개인적으로 확인하고 싶은 부분이 있다면 공식 레포지토리를 뜯어보시라!

https://github.com/tensorflow/tensorflow/blob/master/tensorflow/python/tools/freeze_graph.py

나는 나만의 freeze_graph.py 함수를 다음과 같이 떼어내서 따로 관리 한다.

import sys, os, argparse
import tensorflow as tf
# for LSTMBlockFusedCell(), https://github.com/tensorflow/tensorflow/issues/23369
# tf.contrib.rnn
# for QRNN
# ?try: import qrnn
# except: sys.stderr.write('import qrnn, failed\n')

'''
source is from https://gist.github.com/morgangiraud/249505f540a5e53a48b0c1a869d370bf#file-medium-tffreeze-1-py
'''

# The original freeze_graph function
# from tensorflow.python.tools.freeze_graph import freeze_graph 

# dir = os.path.dirname(os.path.realpath(__file__))

def modify_op(graph_def):
    """
    reference : https://github.com/onnx/tensorflow-onnx/issues/77#issuecomment-445066091 
    """
    for node in graph_def.node:
        if node.op == 'Assign':
            node.op = 'Identity'
            if 'use_locking' in node.attr: del node.attr['use_locking']
            if 'validate_shape' in node.attr: del node.attr['validate_shape']
            if len(node.input) == 2:
                # input0: ref: Should be from a Variable node. May be uninitialized.
                # input1: value: The value to be assigned to the variable.
                node.input[0] = node.input[1]
                del node.input[1]
    return graph_def

def freeze_graph(model_dir, output_node_names, frozen_model_name, optimize_graph_def=0):
    """Extract the sub graph defined by the output nodes and convert 
    all its variables into constant 
    Args:
        model_dir: the root folder containing the checkpoint state file
        output_node_names: a string, containing all the output node's names, 
                            comma separated
        frozen_model_name: a string, the name of the frozen model
        optimize_graph_def: int, 1 for optimizing graph_def via tensorRT
    """
    if not tf.gfile.Exists(model_dir):
        raise AssertionError(
            "Export directory doesn't exists. Please specify an export "
            "directory: %s" % model_dir)

    if not output_node_names:
        print("You need to supply the name of a node to --output_node_names.")
        return -1

    # We retrieve our checkpoint fullpath
    checkpoint = tf.train.get_checkpoint_state(model_dir)
    input_checkpoint = checkpoint.model_checkpoint_path
    
    # We precise the file fullname of our freezed graph
    absolute_model_dir = "/".join(input_checkpoint.split('/')[:-1])
    output_graph_path = absolute_model_dir + "/" + frozen_model_name

    # We clear devices to allow TensorFlow to control on which device it will load operations
    clear_devices = True

    # We start a session using a temporary fresh Graph
    with tf.Session(graph=tf.Graph()) as sess:
        # We import the meta graph in the current default Graph
        saver = tf.train.import_meta_graph(input_checkpoint + '.meta', clear_devices=clear_devices)
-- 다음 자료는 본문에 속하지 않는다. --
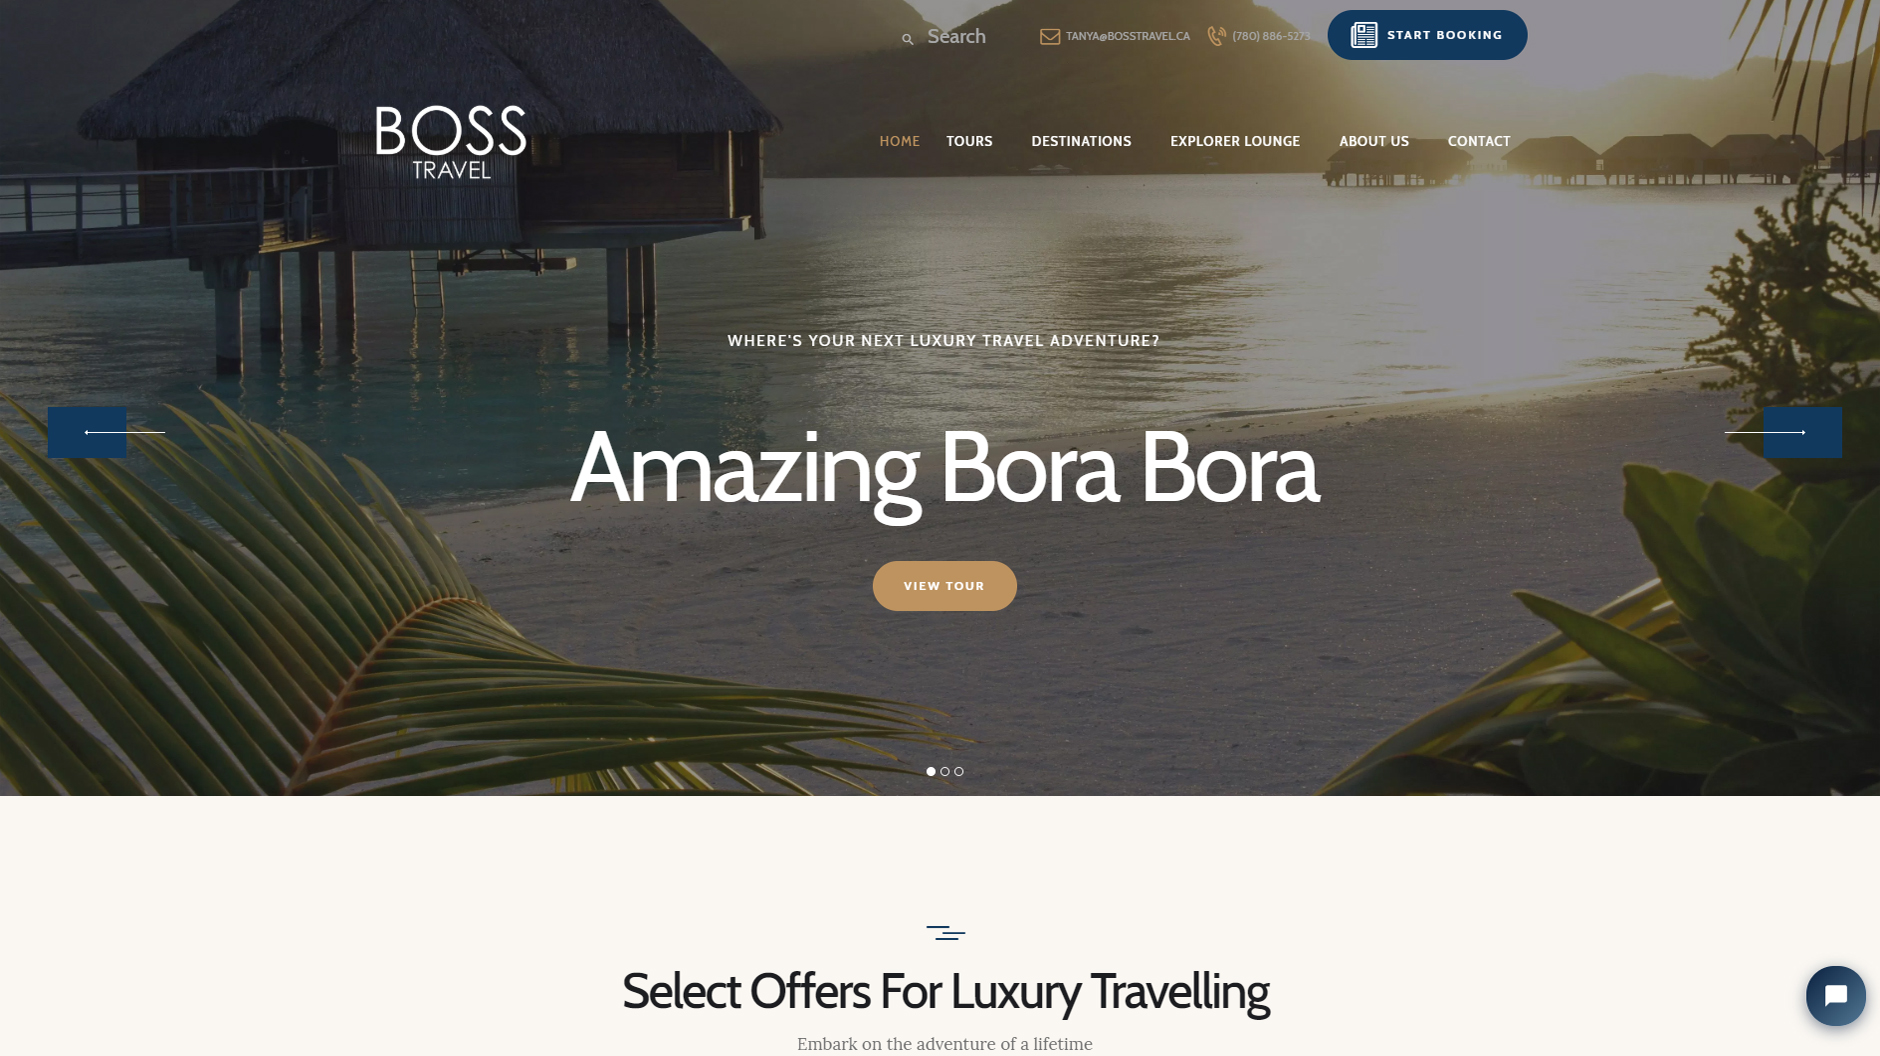 BOSS Travel

        # We restore the weights
        saver.restore(sess, input_checkpoint)

        # We use a built-in TF helper to export variables to constants
        output_graph_def = tf.compat.v1.graph_util.convert_variables_to_constants(
            sess, # The session is used to retrieve the weights
            tf.get_default_graph().as_graph_def(), # The graph_def is used to retrieve the nodes 
            output_node_names.split(',') # The output node names are used to select the usefull nodes
        )

        # Modify for 'float_ref'
        output_graph_def = modify_op(output_graph_def)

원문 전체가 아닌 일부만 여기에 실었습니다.